After being released from Long Bay Jail in July 1987, Ferguson, then aged 39, and his 23-year-old male lover, Alexandria George Brookes, abducted three children, two boys and a girl, from Sydney aged six, seven, and eight. Ferguson had previously gotten to know the children's father, who was a fellow inmate in Long Bay Jail, and Ferguson was told that the children had previously been sexually abused. Ferguson and Brookes flew the children to Brisbane, and sexually assaulted them in a house in the Brisbane suburb of Kedron. The following night, Ferguson and Brookes moved the three children to a motel in the suburb of Ascot, where they again abused the children. Police arrested Ferguson and Brookes at the motel, where they found Ferguson naked with the children. Ferguson told police, "I can help you. Pornography. Kiddy porn, I can get you kiddy porn." Ferguson claimed he was innocent, accusing one of the boys he molested of committing the crimes, but a jury found him guilty of all counts of abduction and assault of the three children. He was sentenced to 14 years' imprisonment, by a judge who noted there was no chance he would be rehabilitated.

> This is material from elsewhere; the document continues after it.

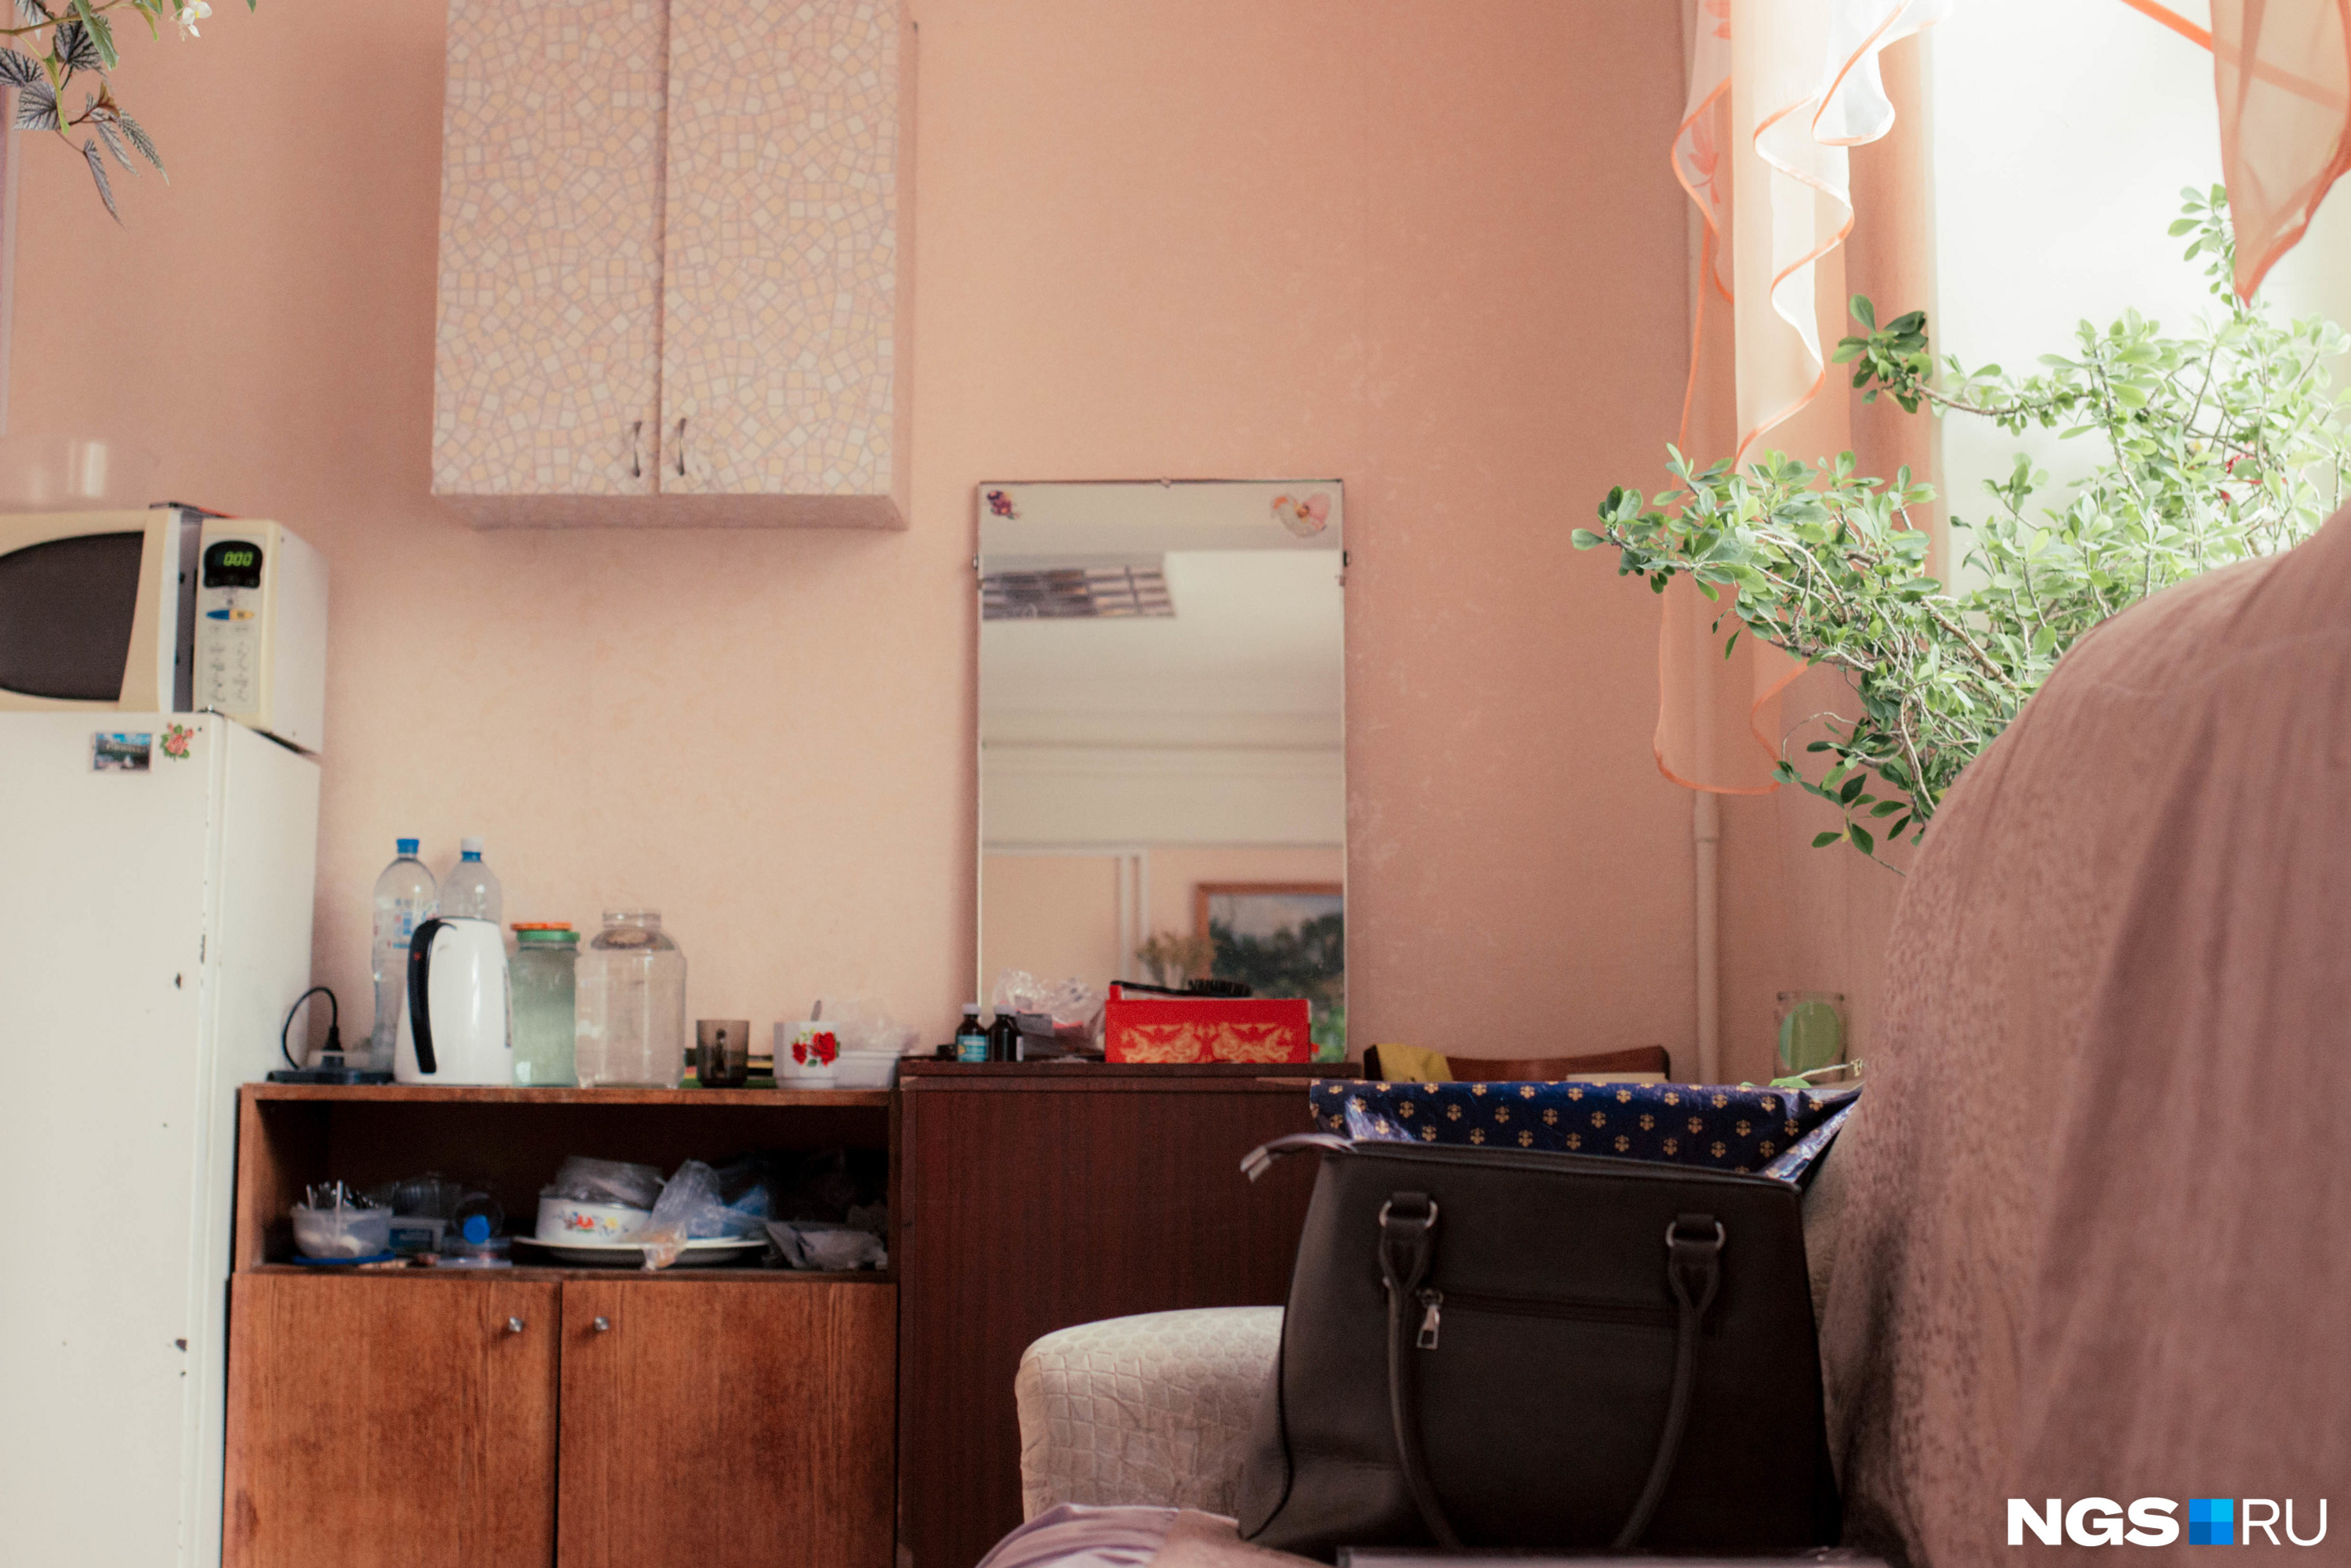 Валентина Ильинична отказалась фотографироваться («не хочу быть звездой»), но разрешила снять интерьер её рабочей комнаты

While in jail he refused to take part in rehabilitation programs, and attempted to obtain police photographs of his victims under the Freedom of Information Act. An order was obtained requiring Ferguson to report his whereabouts to police after fellow inmates reported his plans to molest the eight-year-old daughter of the family with whom he would reside after being released.

In 2003, New South Wales Police surveillance located Ferguson at Parramatta Public School. Ferguson was forbidden from entering schools and claimed he was trying to distribute cleaning products for groups needing to raise funds. A court convicted him under the NSW Child Protection Offenders Registration Act, and he was sentenced to a further 15 months' prison in the John Morony Correctional Centre. He was released in December 2004.

The following year, in November 2005, Ferguson was charged with sexually assaulting a 5-year-old girl at her home in the Queensland town of Dalby. In a rare legal move, the judge granted Ferguson a bench trial (without a jury), as he considered Ferguson would not receive a fair trial by jury, due to the enormous amount of media coverage. The judge found that while the girl had been molested when Ferguson, convicted child sexual abuser Allan Guy, and another man had been at her house, it could not be proven that Ferguson had been responsible for the abuse.

==Relocation==
After being released from jail in 2004, Ferguson was forced to move from numerous locations in Queensland, due to public pressure and media attention. Angry residents forced him to flee the towns of Bundaberg, Toowoomba and Murgon. In February 2005, he settled in Ipswich with another paedophile, but was again found by neighbours and the media. There were reports of rocks being thrown at his house. A judge awarded Ferguson $2,250 in compensation from an invalid Ipswich pensioner who pleaded guilty to threatening to kill him. Other protests have been more peaceable.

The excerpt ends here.